If the colour of the balls is not important [we are searching the event of all balls in A or B] and at each iteration one ball change address with equal probability, the problem can be reduced to a five states Markov chain and each stated represents simply the number of balls in A. The transition matrix is...

$\displaystyle T = \left | \begin{matrix} 1 & 0 & 0 & 0 & 0 \\ \frac{1}{4} & 0 & \frac{3}{4} & 0 & 0 \\ 0 & \frac{1}{2} & 0 & \frac{1}{2} & 0 \\ 0 & 0 & \frac{3}{4} & 0 & \frac{1}{4} \\ 0 & 0 & 0 & 0 & 1 \end{matrix} \right|$ (1)

... that can be reduced in 'canonical form' as follows...

$\displaystyle P = \left | \begin{matrix} 0 & \frac{3}{4} & 0 & \frac{1}{4} & 0 \\ \frac{1}{2} & 0 & \frac{1}{2} & 0 & 0 \\ 0 & \frac{3}{4} & 0 & 0 & \frac{1}{4} \\ 0 & 0 & 0 & 1 & 0 \\ 0 & 0 & 0 & 0 & 1 \end{matrix} \right|$ (2)

The problem has two adsorbing states [0 and 4] and, if we assume that the initial state is a transient state [1, 2 or 3] with the same probability, the probability that the process terminates at the n-th iteration is...

$\displaystyle P_{n} = \frac{1}{5}\ (\sum_{i=1}^{3} p_{n,i,0} + \sum_{i=1}^{3} p_{n,i,4})\ (3)$

... where the terms p are the elements of the rows 0 and 4 of the matrix $P^{n}$.

The effective computation of (3) gives...
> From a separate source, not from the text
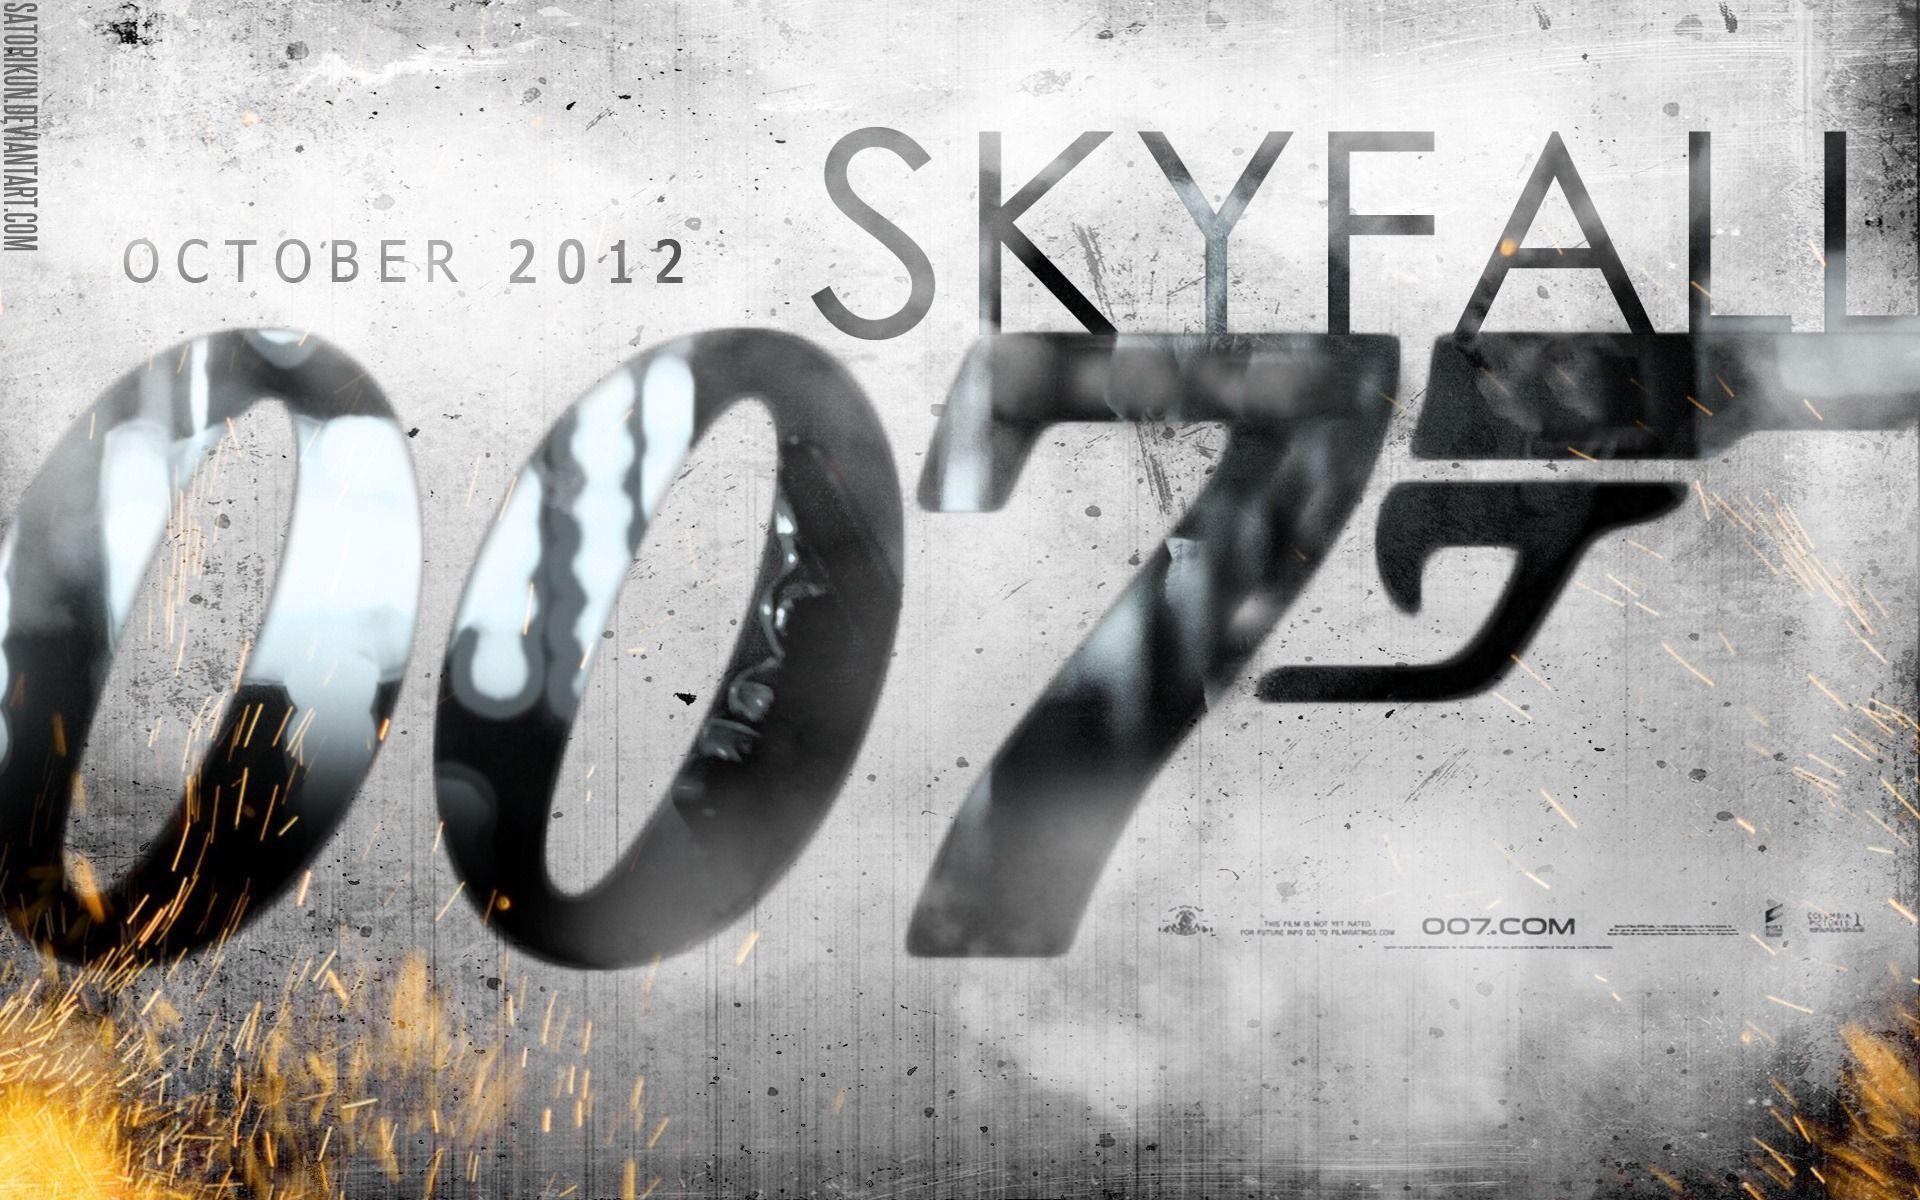 James Bond Skyfall in Movies
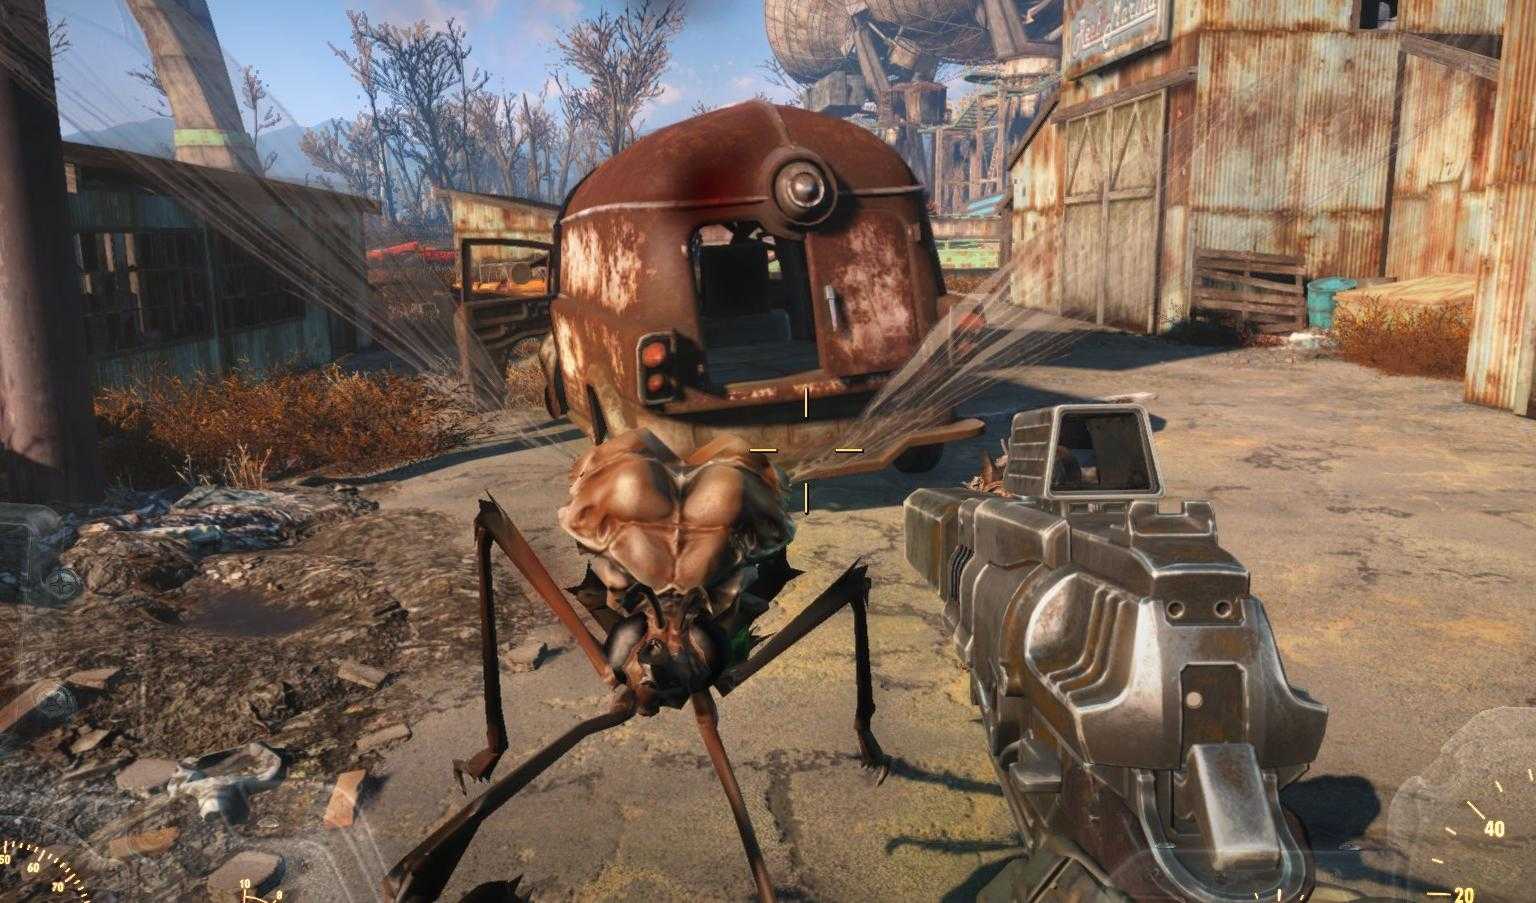 Fallout 4 nosteam torrent braccia avanti braccia indietro torrent

$\displaystyle P_{1}= \frac{2}{3}\ \frac{1}{4}= \frac{1}{6}$

$\displaystyle P_{2}= \frac{2}{3}\ (\frac{1}{4} + \frac{1}{8}) = \frac{2}{3}\ \frac{3}{8}= \frac{1}{4}$

$\displaystyle P_{3} = \frac{2}{3}\ (\frac{11}{32} + \frac{3}{32} + \frac{1}{8} ) = \frac{2}{3}\ \frac{9}{16}= \frac{3}{8}$

$\displaystyle P_{4} = \frac{2}{3}\ (\frac{11}{32} + \frac{7}{32} + \frac{3}{32} ) = \frac{2}{3}\ \frac{21}{32}= \frac{7}{16}$

$\displaystyle P_{5} = \frac{2}{3}\ (\frac{53}{128} + \frac{7}{32} + \frac{21}{128} ) = \frac{2}{3}\ \frac{102}{128}= \frac{34}{64}$

Of course more terms can be computed… the convergence to 1 of the $P_{n}$ if n tends to infinity is very slow, as expected…

Kind regards

$\chi$ $\sigma$

#### Opalg

##### MHB Oldtimer
Staff member
Following Evgeny.Makarov's method (comment #2 above, and assuming the interpretation of the problem that he gives in comment #4), the transition matrix is $M = \begin{bmatrix}\frac12 & \frac3{16} & 0 \\ \frac12 & \frac58 & \frac12 \\ 0 & \frac3{16} & \frac12 \end{bmatrix}$, with eigenvalues $1,\;\tfrac12,\;\tfrac18$. By diagonalising the matrix, you can find that $$M^n = \frac1{14}\begin{bmatrix}3+7*2^{-n}+4*2^{-3n} & 3(1-2^{-3n}) & 3-7*2^{-n}+4*2^{-3n} \\ 8(1-2^{-3n}) & 8+6*2^{-3n} & 8(1-2^{-3n}) \\ 3-7*2^{-n}+4*2^{-3n} & 3(1-2^{-3n}) & 3+7*2^{-n}+4*2^{-3n} \end{bmatrix}$$ (it's a fairly messy calculation). From that, you can read off all the transition probabilities after $n$ iterations. In particaular, starting from the initial state in which each box has one black ball and three white balls, the probability of being in that same state after $n$ iterations is $\dfrac{4 + 3*2^{-3n}}7$ (which converges very rapidly to $4/7$).

#### Khelil

##### New member
Thank you very much but I start to be confused. I can of course determine de matrix but I don't understand the Markov chain method.